The Budget has created quite a stir by proposing a tax on Employees Provident Fund (EPF) withdrawals on contributions made from April 2016. Later clarifications have given rise to more questions than answers. The Finance Minister has promised to clear the air in Parliament. But don’t be too hopeful of major changes.

The government has been poking holes in the EPF in quite a few ways in recent times. The message from these tweaks seems to be that we now need to rely less on government agencies like the EPFO, to save for retirement.

No pension from EPF

It is common knowledge that 12 per cent of your basic pay and dearness allowance (DA) go towards your EPF account every month and a matching sum is put in by your employer.

But actually, 8.33 per cent from the employer’s contribution goes towards the Employee Pension Scheme and only the remaining goes into the EPF.

But this pension option was withdrawn for new employees whose basic pay plus DA exceeded ₹15,000, who joined the workforce from September 1, 2014.

Pat for NPS

This move to remove pension benefits for higher-income employees should be seen as the first signal that the onus of retirement savings is to shift from the government to the individual.

The second move in this direction are measures to make the market-linked New Pension System (NPS) more attractive. The additional tax deduction of ₹50,000 for investment in NPS in Budget 2015 outside of the ₹1.5 lakh 80C deduction points to this line of thought.

When you turn 60, at least 40 per cent of your NPS corpus is required to be invested in an annuity scheme from an insurer within three years.

The remaining can be withdrawn as lumpsum anytime up to the age of 70. Earlier, the entire corpus was taxable on withdrawal.

But Budget 2016 has helped NPS investors breathe easy by declaring that 40 per cent of the corpus will be tax-free on withdrawal. Besides, NPS was tweaked in mid-2015 by relaxing pre-mature withdrawal rules.

Earlier, if you withdrew before the age of 60, 80 per cent of the amount had to be used for purchasing an annuity. But the relaxation announced last year said that you could withdraw up to 25 per cent of your contribution (for specified expenses such as child’s education, illness, etc) if you have been with the NPS for at least 10 years.

A total of three withdrawals with a gap of five years between each have now been allowed.

Further constraints in EPF

At the same time, EPF withdrawal rules were made more stringent in early February 2016 just before the Budget.

Say, you are 30 now and 10 years later, you decide to quit working as you have a business idea and dream about being an entrepreneur. Earlier, you could withdraw your EPF balance entirely when you left a salaried job and didn’t join another.

Recent changes now mandate that only the employee’s contribution and interest thereon can be withdrawn this way.

The employer’s contribution will be locked in till you turn 58.

The intention seems to be to protect at least part of the retirement nest-egg and perhaps make up for the removal of the pension scheme for new employees in some way.

But it raises two questions. One, why would someone withdrawing his contribution and interest at an early age be keen to buy an annuity to avoid paying taxes?

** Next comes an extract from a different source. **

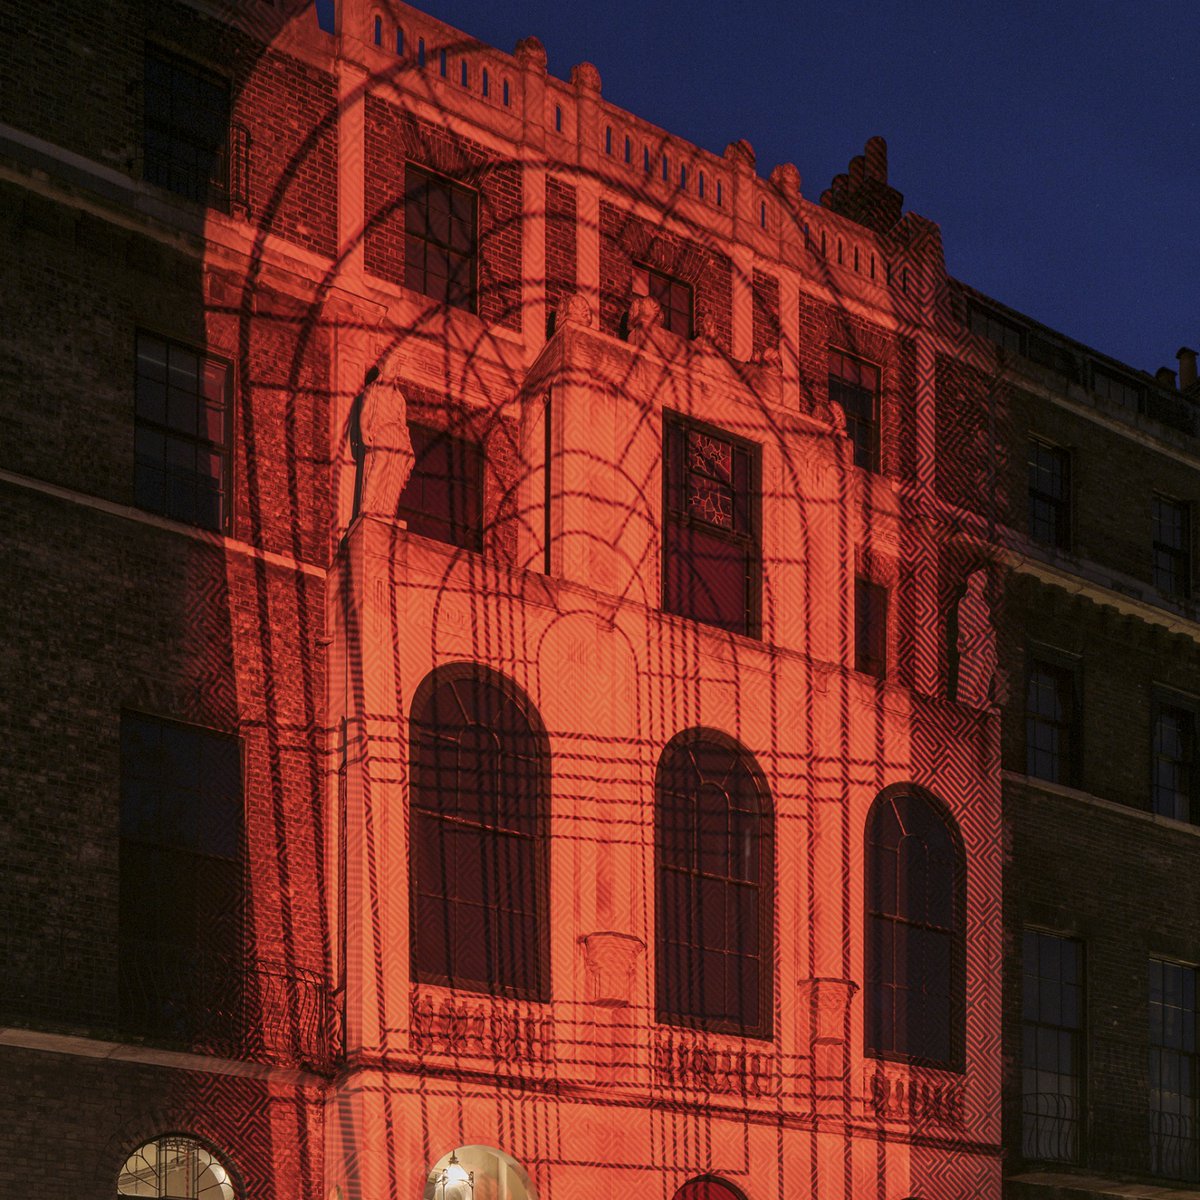 The Soane, illuminated – as you’ve never seen it before! 🎆✨ This unique work by artist Nayan Kulkarni is a contemporary take on the light shows that captured London imaginations during Soane’s time, as explored in our exhibition #GeorgianIlluminations. Isn’t it marvellous? 😍

Two, even when one withdraws the employer’s contribution at 58, if one has to buy an annuity to avoid tax, the much smaller size of the corpus may not fetch a decent monthly annuity.

Tightening rules for the EPF mean that you can no longer ignore the NPS as a retirement option.

Unlike the EPF which gives out interest at declared rates by the government, you can choose to invest a greater sum in equities in the NPS and earn higher returns if you have the risk appetite. If your employer offers the Corporate NPS option instead of subscription to the EPF, you can consider that too.

This apart, you can also diversify savings for your retirement by investing in the PPF, which is run by the post office.

Although interest rates for PPF are proposed to be reset every quarter, it is among the few instruments that offers tax exemption for investment, interest and withdrawal presently.

You can also invest monthly sums in good mutual fund schemes to build a retirement corpus.